David Maurice Smith para The New York Times
David Maurice Smith para The New York Times

Projeto de mineração investe bilhões no carvão apesar de riscos ao planeta

Projeto de mineração na Austrália ajuda a explicar por que o mundo continua a queimar carvão

Somini Sengupta, Jacqueline Williams e Aruna Chandrasekhar, The New York Times

25 de agosto de 2019 | 06h00

SYDNEY, AUSTRÁLIA - Fazia anos que a vasta e inexplorada reserva de carvão no nordeste da Austrália era o objeto do desejo da gigante industrial indiana Adani Group. Em junho, quando as autoridades australianas concederam à empresa aprovação para extrair carvão da reserva, elas abriram as portas para que a Adani concretizasse seus planos para uma cadeia de fornecimento de carvão que abrange três países.

O carvão da operação australiana, conhecida como projeto Carmichael, seria transportado à Índia, onde a empresa está construindo uma nova usina de energia de quase US$ 2 bilhões para a produção de eletricidade. Essa energia seria vendida ao país vizinho, Bangladesh, mesmo enquanto os cientistas alertam para a necessidade de reduzir a queima do carvão para evitar os efeitos mais desastrosos da mudança climática.
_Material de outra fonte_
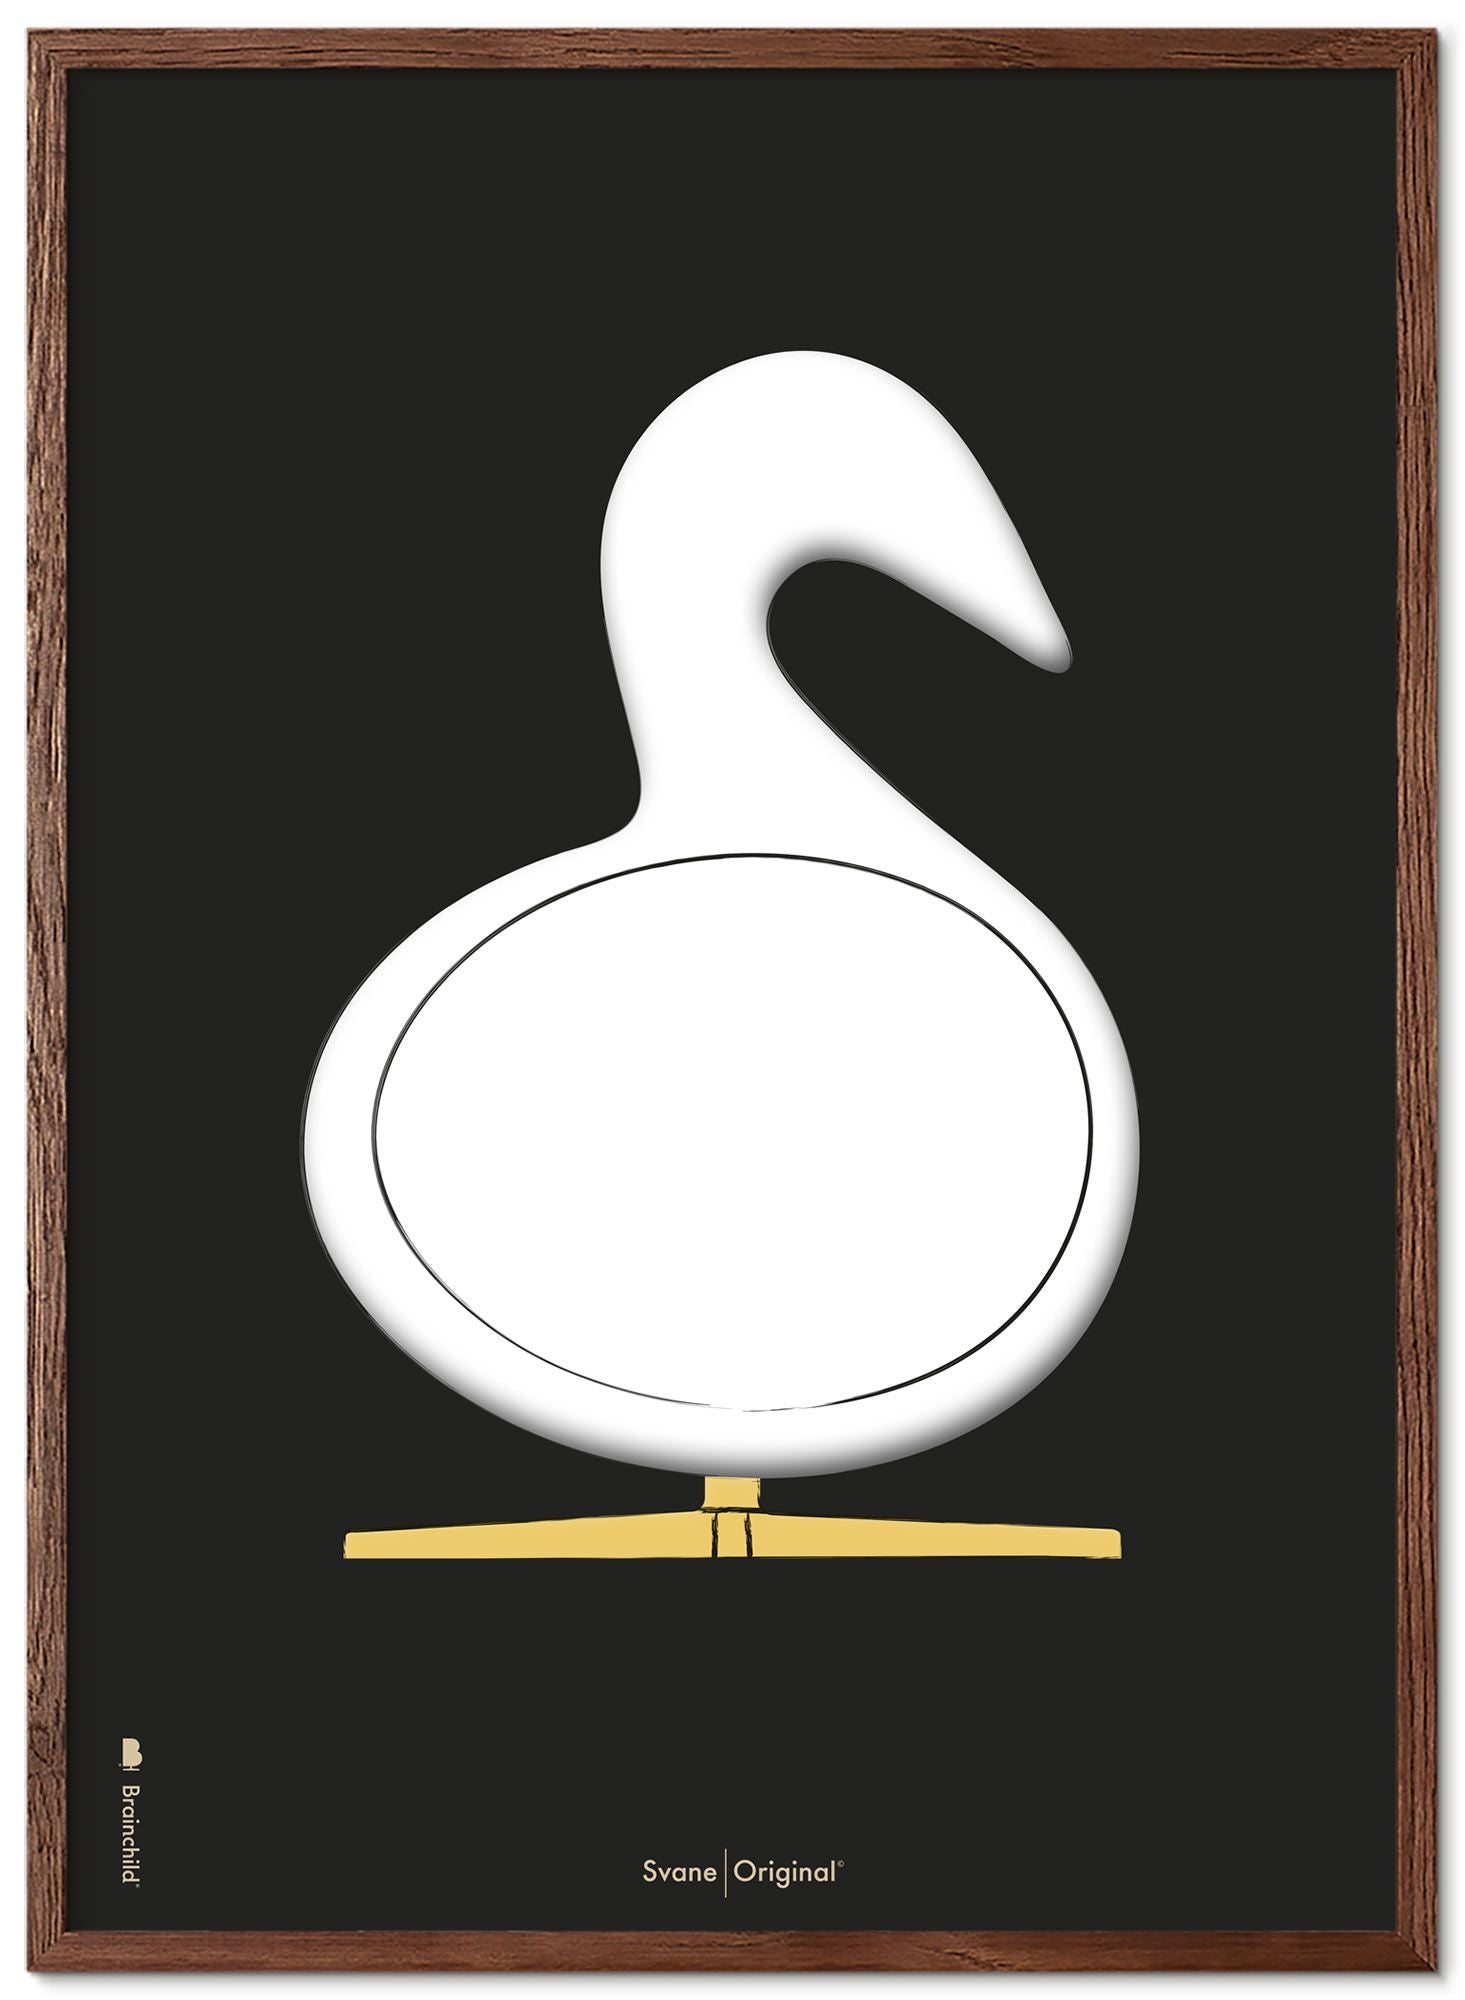 Schema poster di schizzo del disegno del cigno da gioco realizzato in legno scuro A5, sfondo nero

A história da Adani e do seu projeto australiano ilustra as razões que levam o mundo a seguir na queima do carvão, apesar dos riscos. Os subsídios para usinas de energia abastecidas a carvão quase triplicaram nos anos mais recentes nos países do G-20, de acordo com estudo do Overseas Development Institute e dois outros grupos. Nos países ricos, isso ajudou o carvão a se manter em circulação. Nos países em desenvolvimento, o carvão prospera com esses subsídios.

Gautam Adani, fundador do Adani Group, avaliado em US$ 14 bilhões, diz que o carvão é alvo de críticas injustas. “A Índia não tem escolha", disse ele na sede da empresa, em Ahmedabad, Índia. Independentemente de a Índia ter ou não uma escolha, o império de minas, cargueiros, portos e usinas de energia de Adani depende muito do carvão. E ele investiu muito em esforços para garantir que o fim do carvão esteja distante.

Antes da realização de uma eleição nacional em maio, representantes da empresa apresentaram aos habitantes da zona rural de Queensland, segundo maior estado da Austrália, a ideia segundo a qual eles teriam muito a ganhar com a abertura da Bacia da Galileia, a jazida de carvão que o Adani Group queria explorar. A empresa fez doações a organizações comunitárias, fez doações de campanha a políticos e contratou ex-assessores de políticos para que fizessem lobby em seu nome.

Os mercados nas economias asiáticas em rápido crescimento, que têm grande apetite por energia, fizeram do carvão uma das principais exportações da Austrália. Mas a preocupação com a mudança climática fez desse um tema polêmico na política australiana. O projeto Carmichael se tornou símbolo desse cisma.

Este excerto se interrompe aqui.